Verne and Surly, activate the radio jammers.”

Everyone acknowledged, and we split off in various directions, each vessel accompanied by its personal cloud of drones and busters.

For a wonder, it appeared to work. Some of the Brazilian AMIs seemed to be coping, but more of them became confused. There was a small group that would rush towards a Heaven contingent, stop, rush towards another one, then reverse and repeat. Gotta love AMIs.

And then Medeiros panicked. Unable to regain control of his drones, he cranked up his radio transmission power and attempted to outshout the jammer. He might as well have put on a hat with a flashing red light. Verne and Surly immediately released the death squad—a batch of busters specifically programmed to latch onto the Medeiri with SUDDAR and not to let go until they were space junk. The death squad shot forward at close to forty G, and I imagined them yelling “Wheee!” in high-pitched minion voices.

In next to no time the death squad surrounded the Medeiri—there were two Brazilian vessels—and destroyed them. However, this time we were going to be thorough.

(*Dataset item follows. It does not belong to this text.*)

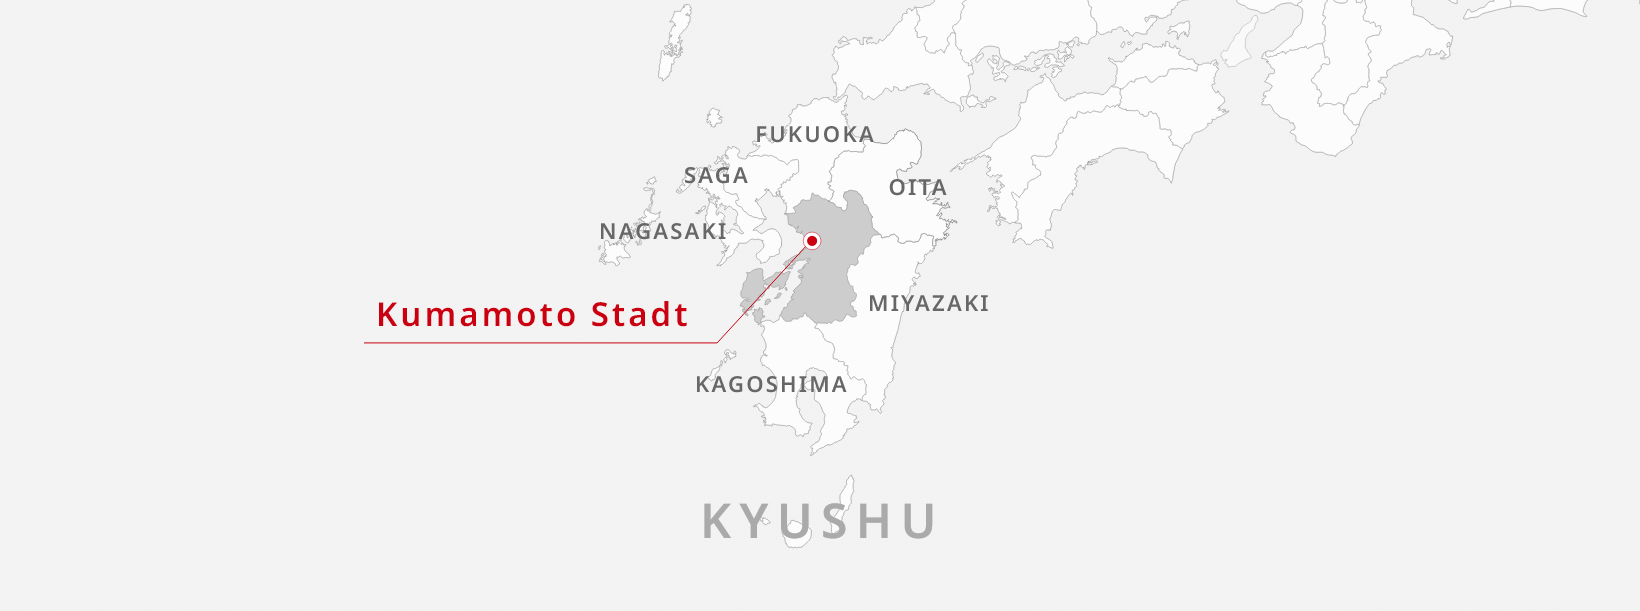 Von innerhalb Kyushus

As soon as they got the recall order, the busters took off after the Brazilian drones. There would be no peace until every piece of Brazilian equipment in the system was obliterated.

* * *

It took a further eighteen hours to track down every fusion signature in the system. I took a video call from Elmer.

“Looks clear now. Anything still alive will have gone to ground. Time to implement phase three?”

“You bet, Elmer.” Again I switched to command channel. “Okay, everyone. Phase three. Surly, release the hunter-seekers.” I heard several snickers, hastily suppressed. Dune didn’t have a particularly good reputation among the Bobs.

The hunter-seekers were essentially drones optimized for long-distance searching. Their SUDDARs were able to reach to almost four light hours. By overlapping search fields, they could get increased definition of anything they ran across. It would take a week, but they would cover every inch of the star system, identify any refined metal up to a kilometer deep underground, and relay that information to busters for remedial action.

Meanwhile, we examined the battle records.

“That’s an Alpha Centauri Medeiros,” Hank said.

“You sure?”

“Absolutely.” Hank pulled up images of the 82 Eridani Medeiros group from our first battle, then images of the Alpha Centauri Medeiros group as recorded by Calvin and Goku.

The differences were subtle, but the two probes were definitely based on slightly different designs. It came as no surprise that the Brazilians would have worked on improvements even as they were building and launching probes. Apparently the first and second probes to leave Earth had been—Oh, hold on. That would require three different launches from Earth. One to Epsilon Eridani to fight Bob-1, one to Alpha Centauri, and one to 82 Eridani.